Following the disappointing Q3 results, Netflix (NSDQ: NFLX) CEO Reed Hastings dispensed with the usual earnings report overview that accompany most company releases of this sort and went straight to the e-mail questions. “We’re focused on winning back consumers,” he said, though he immediately nixed any thought of a discount for both streaming and DVD or a major marketing campaign. “We just need to manage the business as we have been, providing great content, and that’s what we’ll continue to do,” Hastings said. “But we don’t feel a need for any grand gestures.”
Hastings dismissed the notion of continuing to promote a hybrid DVD/streaming model. “The future of this business lies in streaming video,” he said. “If we were going to offer any discounts, it would be on the streaming business. But we think our $7.99 price is fair and very competitive.”

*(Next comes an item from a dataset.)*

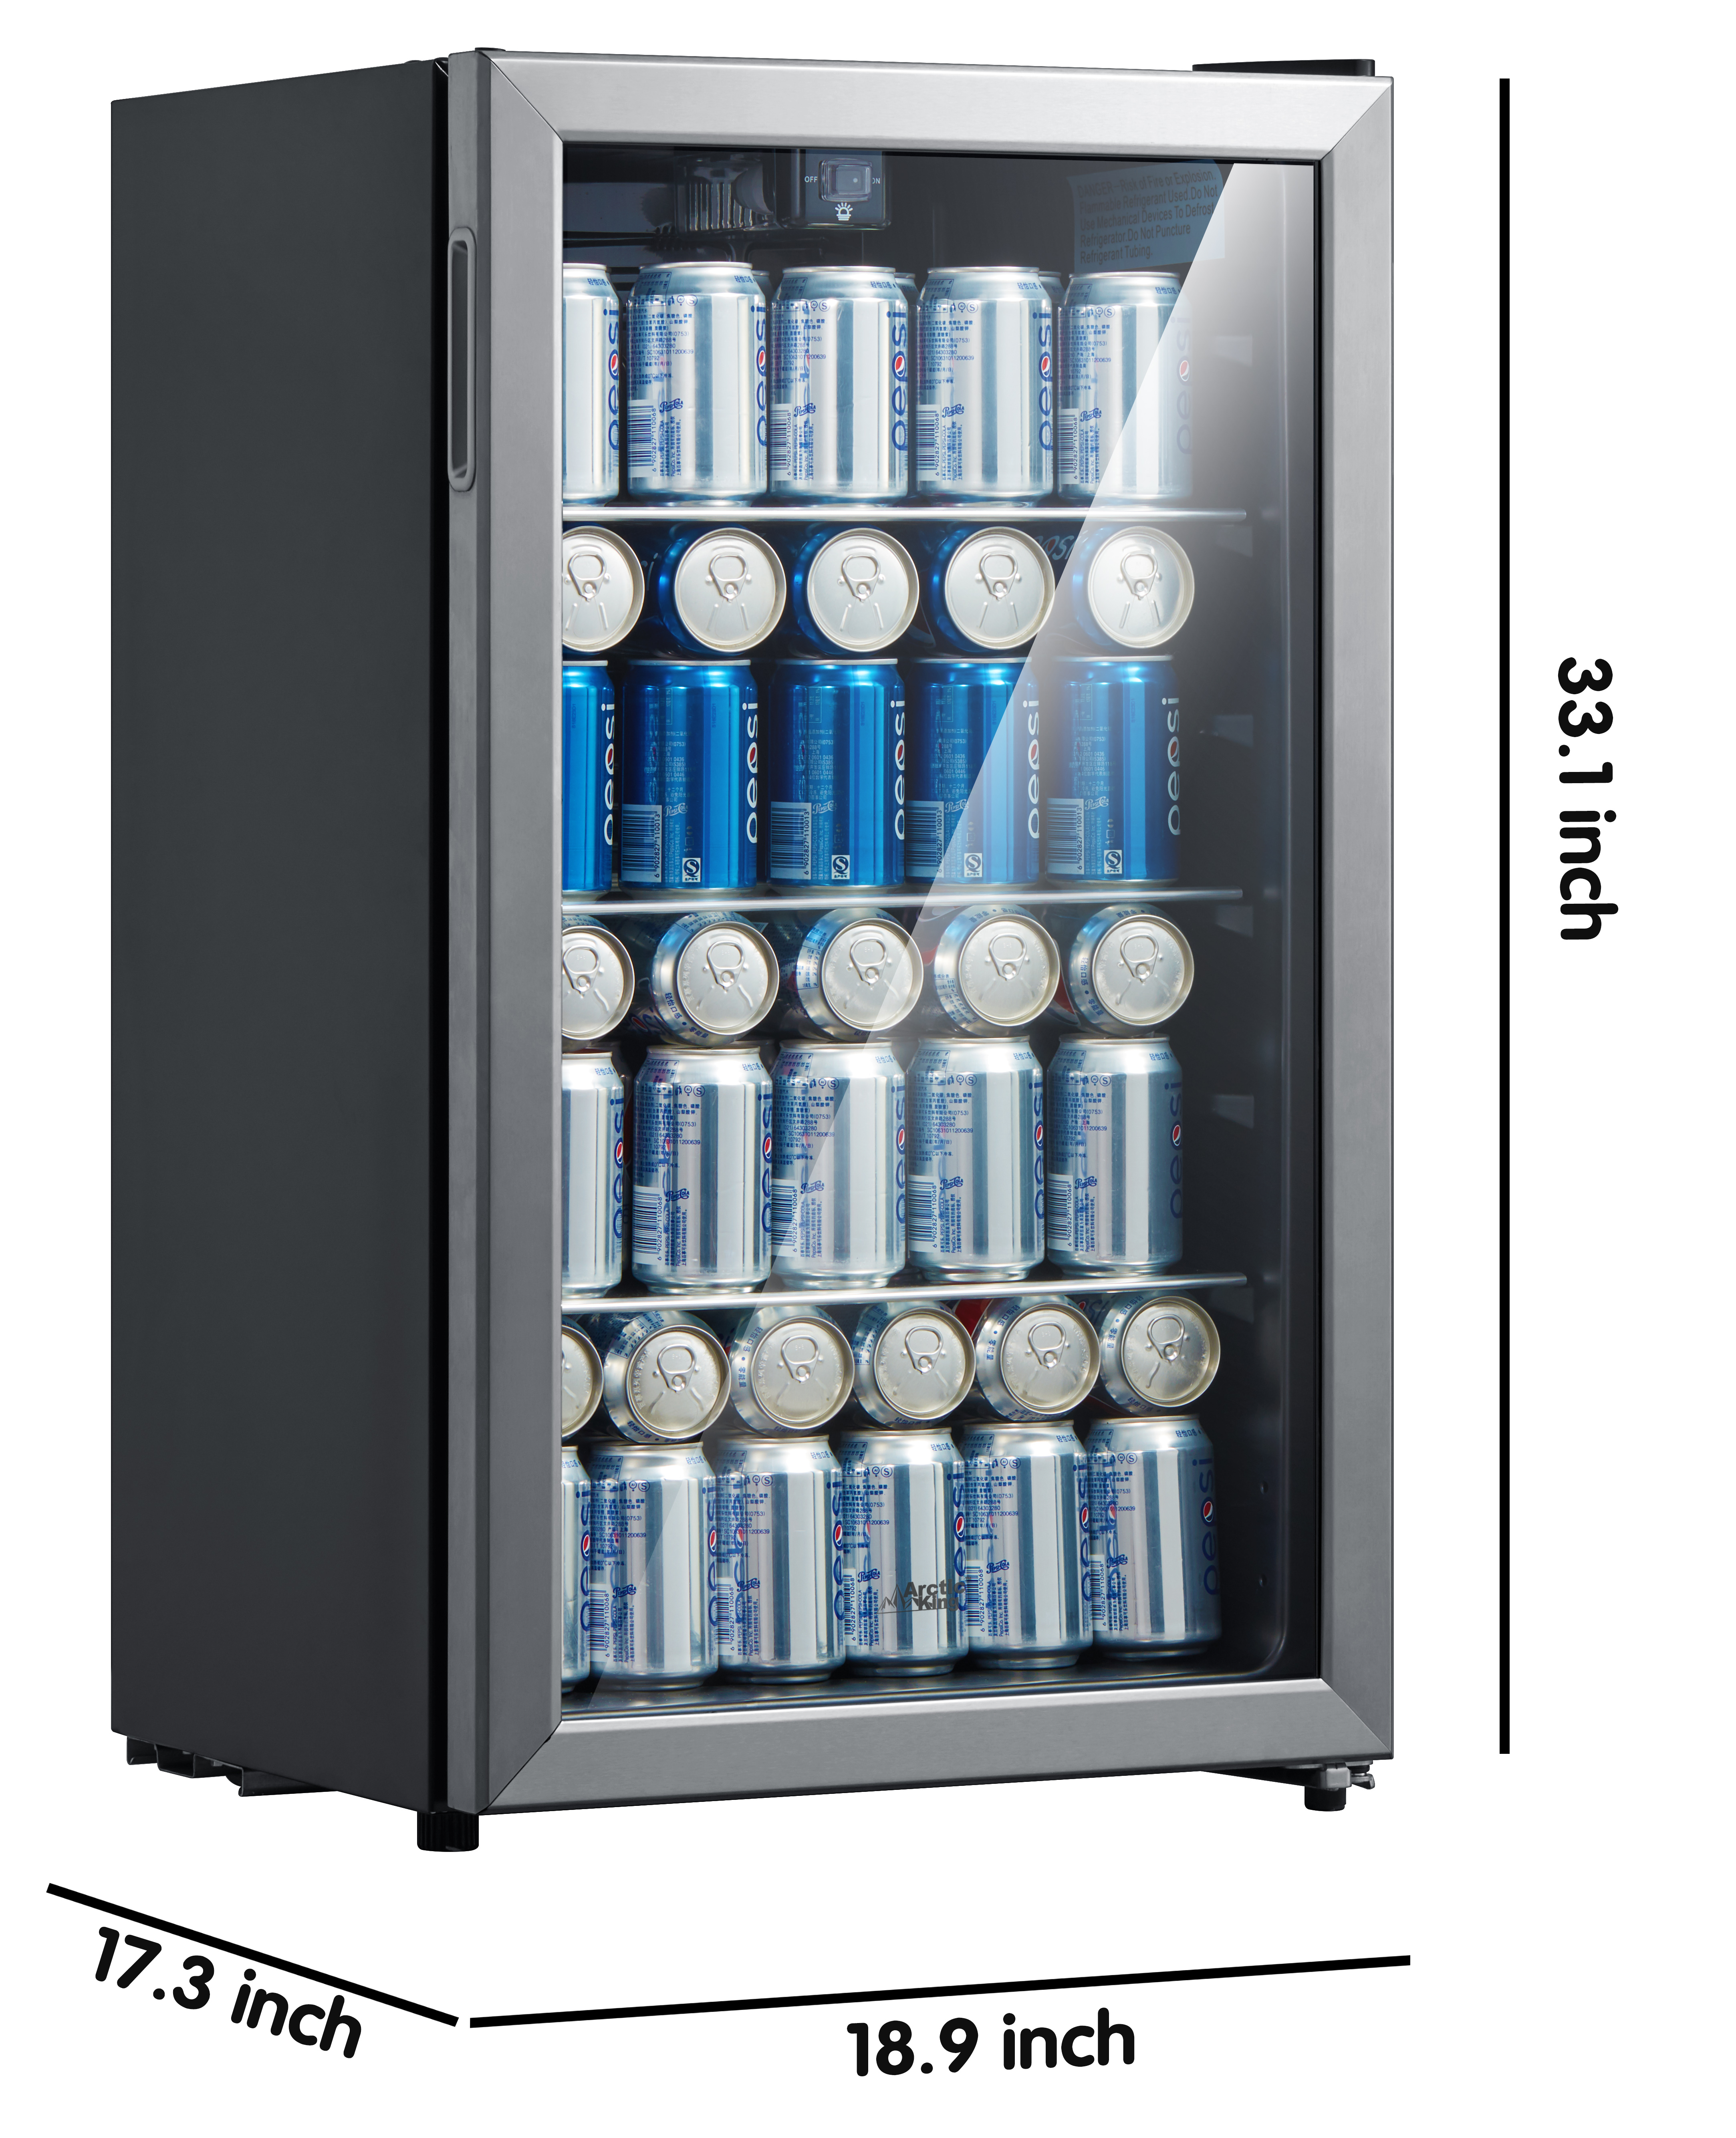 Arctic King 115 Can Beverage Fridge, Stainless Steel look Frame - image 7 of 9

Hastings also said that the company will put on hold any additional international expansion after the UK/Ireland launch, which was announced earlier today and is expected in Q1.
With streaming representing Netflix’s long-term future, how does the DVD mail business look in over the short term? Hastings compared to it AOL’s dial-up access business, which is still a cash cow for that company, albeit a steadily diminishing one. There are fewer fixed costs associated with the DVD business, for one thing, as most of the expenses vary due to postage and labor.
Ultimately, the shift from DVD to streaming will not have that much of an impact on the content catalog’s ability to generate revenue, Hastings said. “I don’t see a shift in the catalog business; People like the depth and breadth of the catalog, whether streaming or DVD,” he said. “That’s what matters and that’s where our focus is.”